Load different URLs without closing the browser

Question

Load different URLs without closing the browser

Navigation

#1 by (1 votes)
#2 by (1 votes)

4

Through this code, I load different URLs in the browser to extract the source, but I close the browser after each reading, can I reload with the following URL in the list?

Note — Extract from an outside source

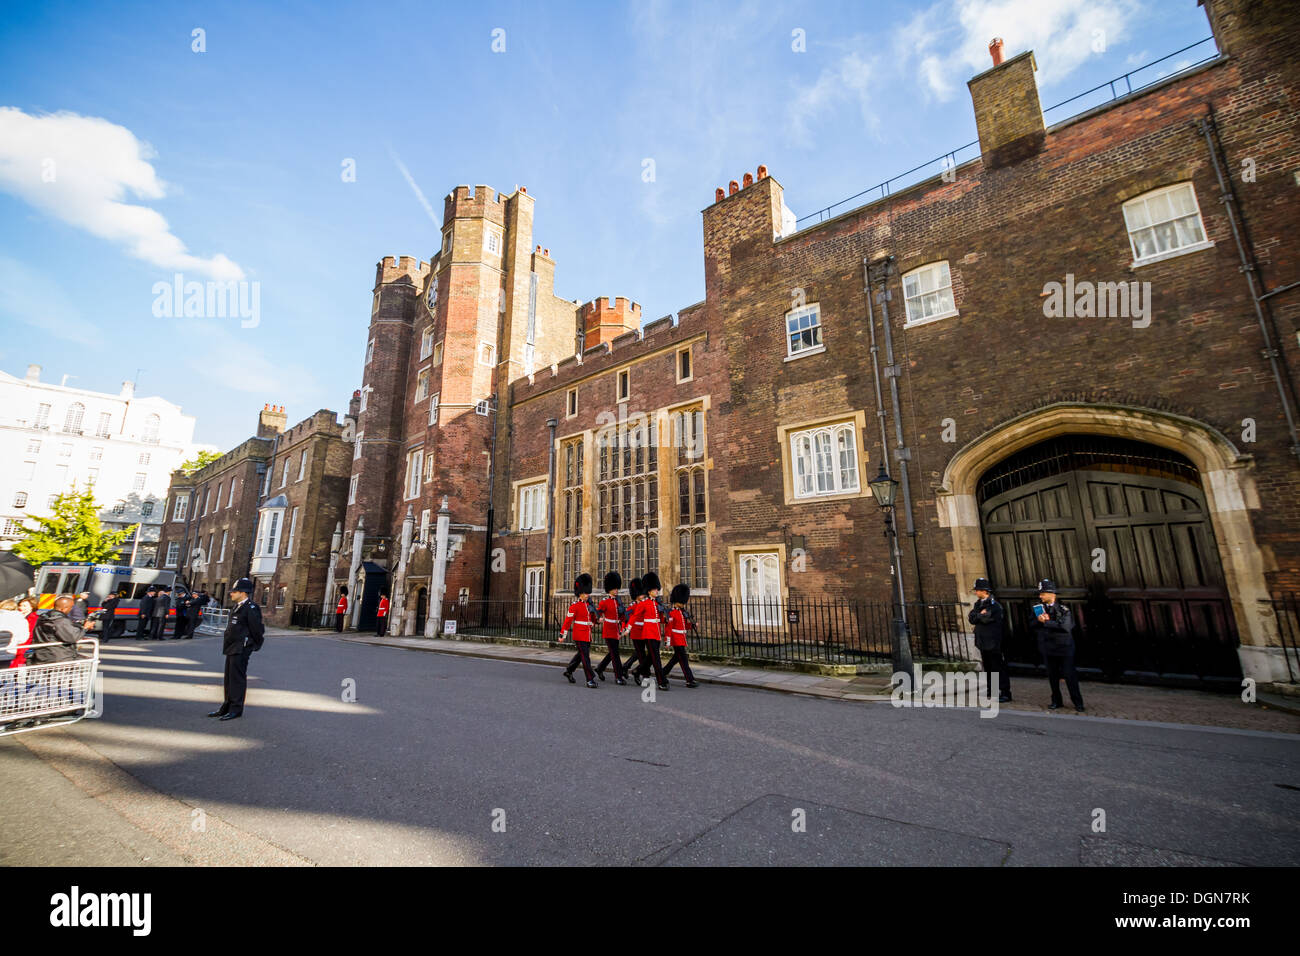 Real de los aficionados y la prensa esperan fuera de las puertas de St James's Palace como bebé Prince George es bautizado. Londres, Reino Unido. Foto de stock

from selenium import webdriver
from bs4 import BeautifulSoup

delFichero = file('listado.txt', 'r')

for n in delFichero:

    URL = str(n)

    browser = webdriver.Firefox()
    browser.get(URL)
    content = browser.page_source

    soup = BeautifulSoup(content)

    browser.quit()

python selenium beautifulsoup

asked by chikilicuatre 03.08.2017 в 12:53

source

2 answers

Problem to save data with CKEDITOR PHP AND MYSQL Simplify a heavy document (1 GB)

score 1 · Answer 1

You just have to modify your code a bit. Create browser outside the loop and close it outside the loop. Something like this:

from selenium import webdriver


urls = [
    'https://www.google.com',
    'https://duckduckgo.com'
]
browser = webdriver.Firefox()
fuentes = {}

for url in urls:
    browser.get(url)
    fuentes[url] = browser.page_source

browser.quit()

With this you already have the source for each URL:

print fuentes['https://www.google.com'][:100]

Would result in:

<html itemscope="" itemtype="http://schema.org/WebPage" lang="es-419"><head><meta content="/images/b

score 1 · Answer 2

Of course you can. In passing some modifications to your code:

from selenium import webdriver
from bs4 import BeautifulSoup

with open("listado.txt", "r") as delFichero:

    browser = webdriver.Firefox()
    for linea in delFichero:
        url = linea.strip()
        browser.get(url)
        content = browser.page_source
        soup = BeautifulSoup(content, "html.parser")
        print(url)

    browser.quit()

First of all we used a contextmanager to handle the reading of the file the following way:

with open("listado.txt", "r") as delFichero

This way is much safer because we can forget to close the file, in fact you forgot to add the close. The contextmanager knows when you have stopped reading in this case and automatically closes the file.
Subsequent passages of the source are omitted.